One of the things FAST is designed for is removing duplicate and/or constant content. For example, MsgType (ID 35) identifies that the message is "SecurityList" (symbol list), which contains information about all the symbols (the their security IDs) available in the exchange. Because the exchange is the same in all the symbols, FAST allows defining the fields related to it (Source, field ID 22, and Exchange, field ID 207) to constant values, so they don't need to be transmitted and, when decoding FAST back to FIX, the decoder simply add the constant value.

To know which fields are constant and which are not (and some other information), the protocol defines a template, which have a well defined schema, to report that information.

The Template

The template is a XML file which describes the fields, their types, names, IDs and operators. The protocol itself doesn't provide any default way to actually receive that field, and thus is left for the exchange to find their way.

Note that the template describe the field IDs and their types, and the incoming data have only the values. If we use the FIX description above, the template defines the left side of the pair, while the incoming data have have only the right side.

Field Types

The protocol have a few field types: Unsigned Ints of 32 and 64 bits, Signed Ints of 32 and 64 bits, ASCII strings, UTF-8 strings, sequences, decimals and a special type called "Presence Map".

One thing to note is that all fields use a "stop bit" format. This is quite similar to UTF8, although UTF8 uses a "continuation bit" instead of "stop bit", but the process of reading is the same:

I'll show some examples later in this post.

Field definitions

The template defines the fields with their type, name (optional), ID, a presence indicator and an operator (optional).

For example, to describe an unsigned int of 32 bits, named "MsgType" with ID "35", it would be described in the template as

<uInt32 name="MsgType" id="35"/>

Because there is no indication of presence, it is assumed that the field is "mandatory" and should always have a value. On the other hand, if the field definition was something like

<int32 name="ImpliedMarketIndicator" id="1144" presence="optional"/>

... then the field may not not have a value.
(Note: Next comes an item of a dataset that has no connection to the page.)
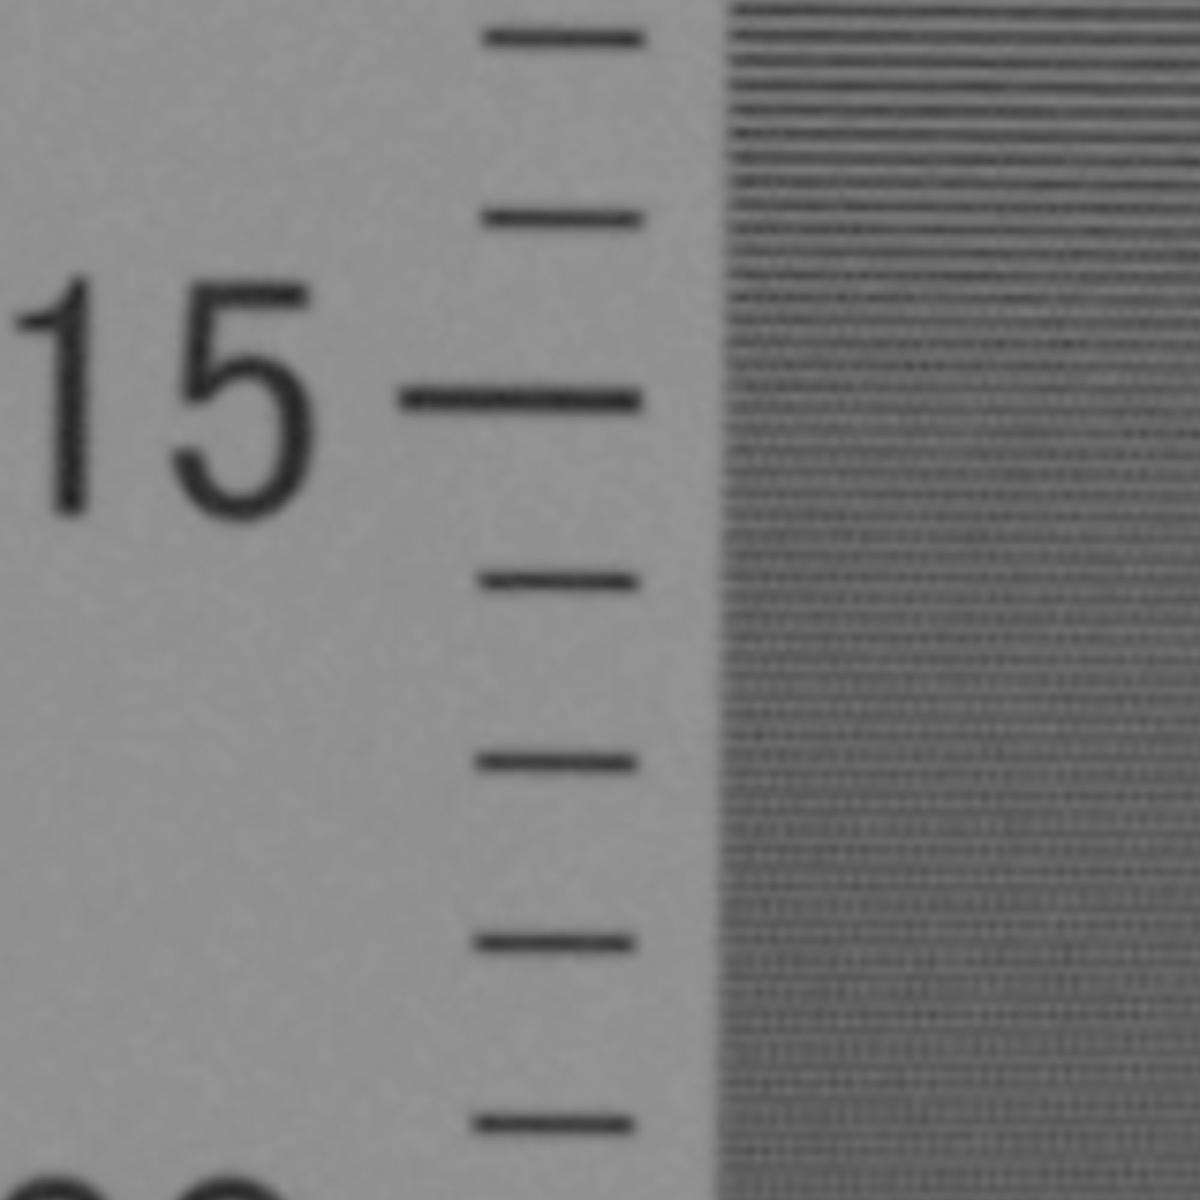 f:id:sumizoon:20210116152625j:plain
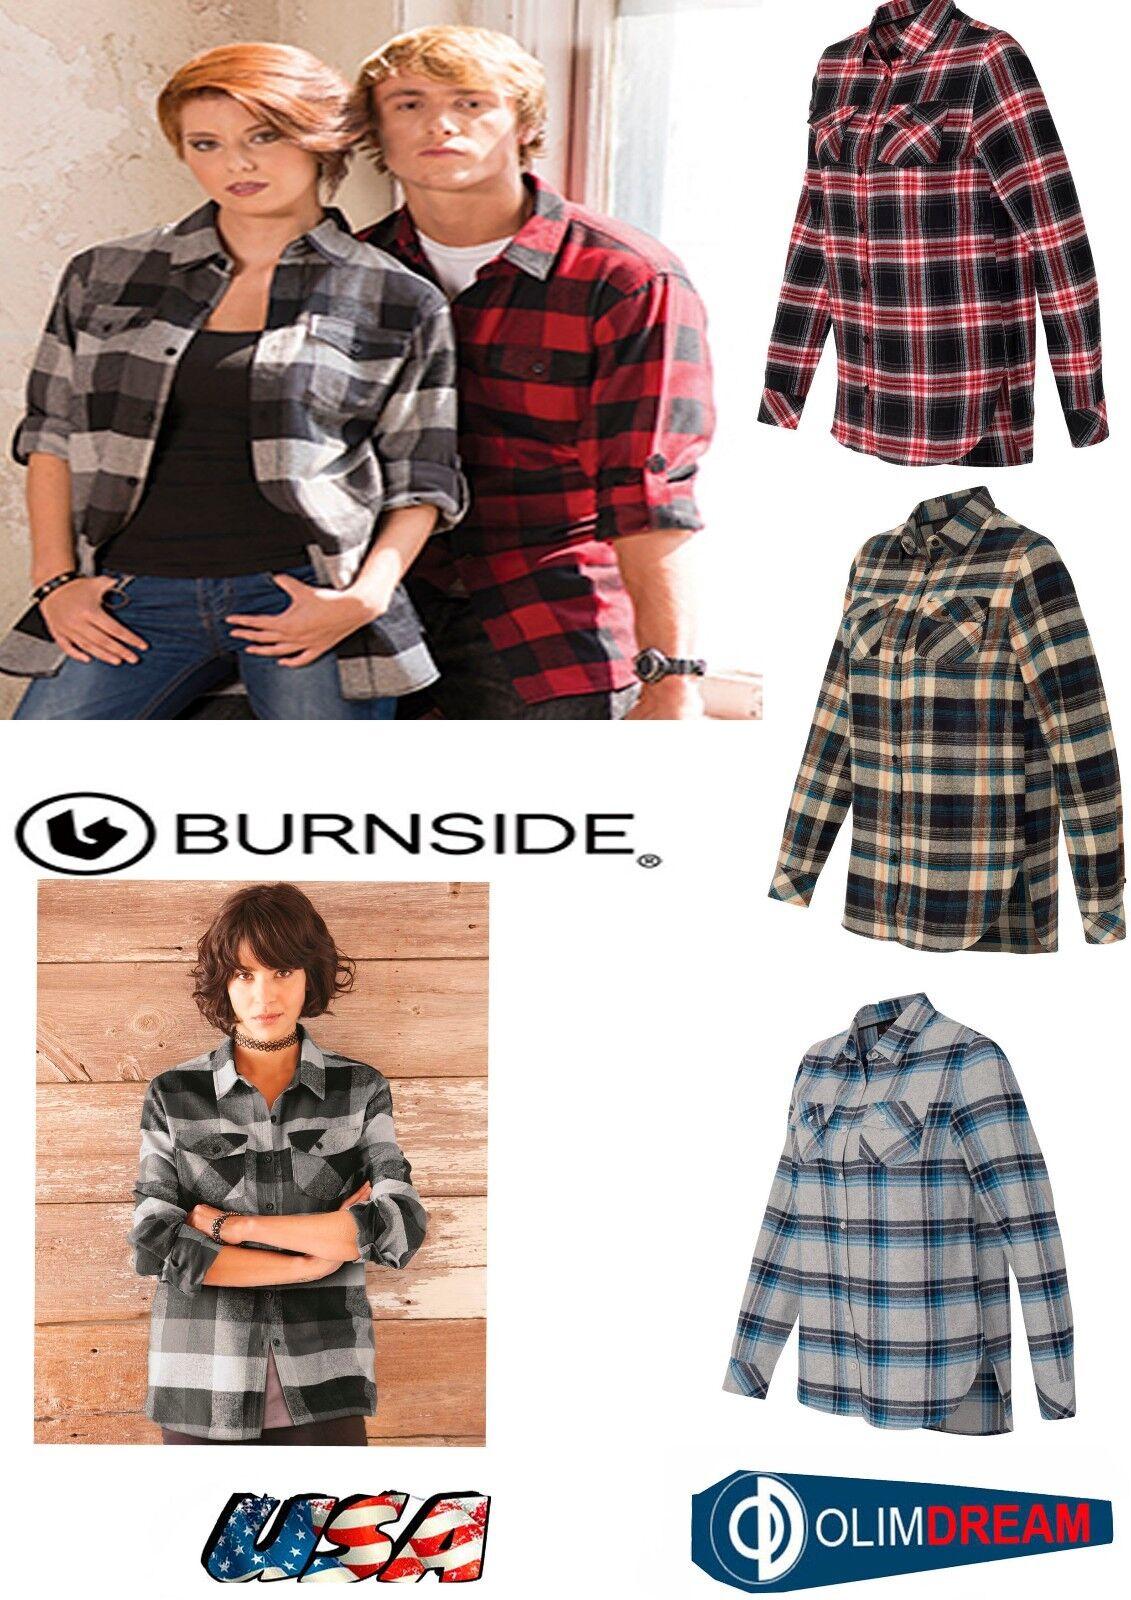 Burnside - Women's Yarn-Dyed Long Sleeve Flannel Shirt - 521

This is also referred as "nullable" field.

Optional and Mandatory Fields

The difference between optional and mandatory fields is that mandatory fields always have a value, even if 0. Optional fields, on the other hand, can be null and have no value at all.

I have the impression that this is done if the exchange wants to mark a field as "do not appear in the FIX version"; so even if the field have a definition, the resulting FIX version would not have the field.

So it is more of a "backwards compatibility" than anything else.

Types

Types: Ints

To read an Int, the decoder would pick the 7 low order bits (everything except the high order one) and move them to the resulting variable. If the stop bit is there, the read is complete; if it is not, the result should be shifted by 7 bits and add the 7 bits from the next byte and so on, till you find a byte with the stop bit set.

The 32 and 64 bits only define the maximum value of the field and should not necessarily be used as "number of bits to be read" -- because of the stop bit. If the value exceeds 32 or 64 bits, that is considered an error and the processing should be aborted.

Signed Int work exactly the same, but as 2's complement.

For example, if incoming data have the following bytes (in binary, to make it easier to read; also, I added a single underscore between each 4 values, also to make it easier to read):

0000_0001 1001_0010

... the decoder will read the first byte and see that it doesn't have the high order bit set, so it keep just the "1" for the value and shift 7 bits to the left. Then the second byte is read; this one have the high order bit set, so the remaining bits (in this case "001_0010") are added to the resulting value and get 1001_0010 -- or 146.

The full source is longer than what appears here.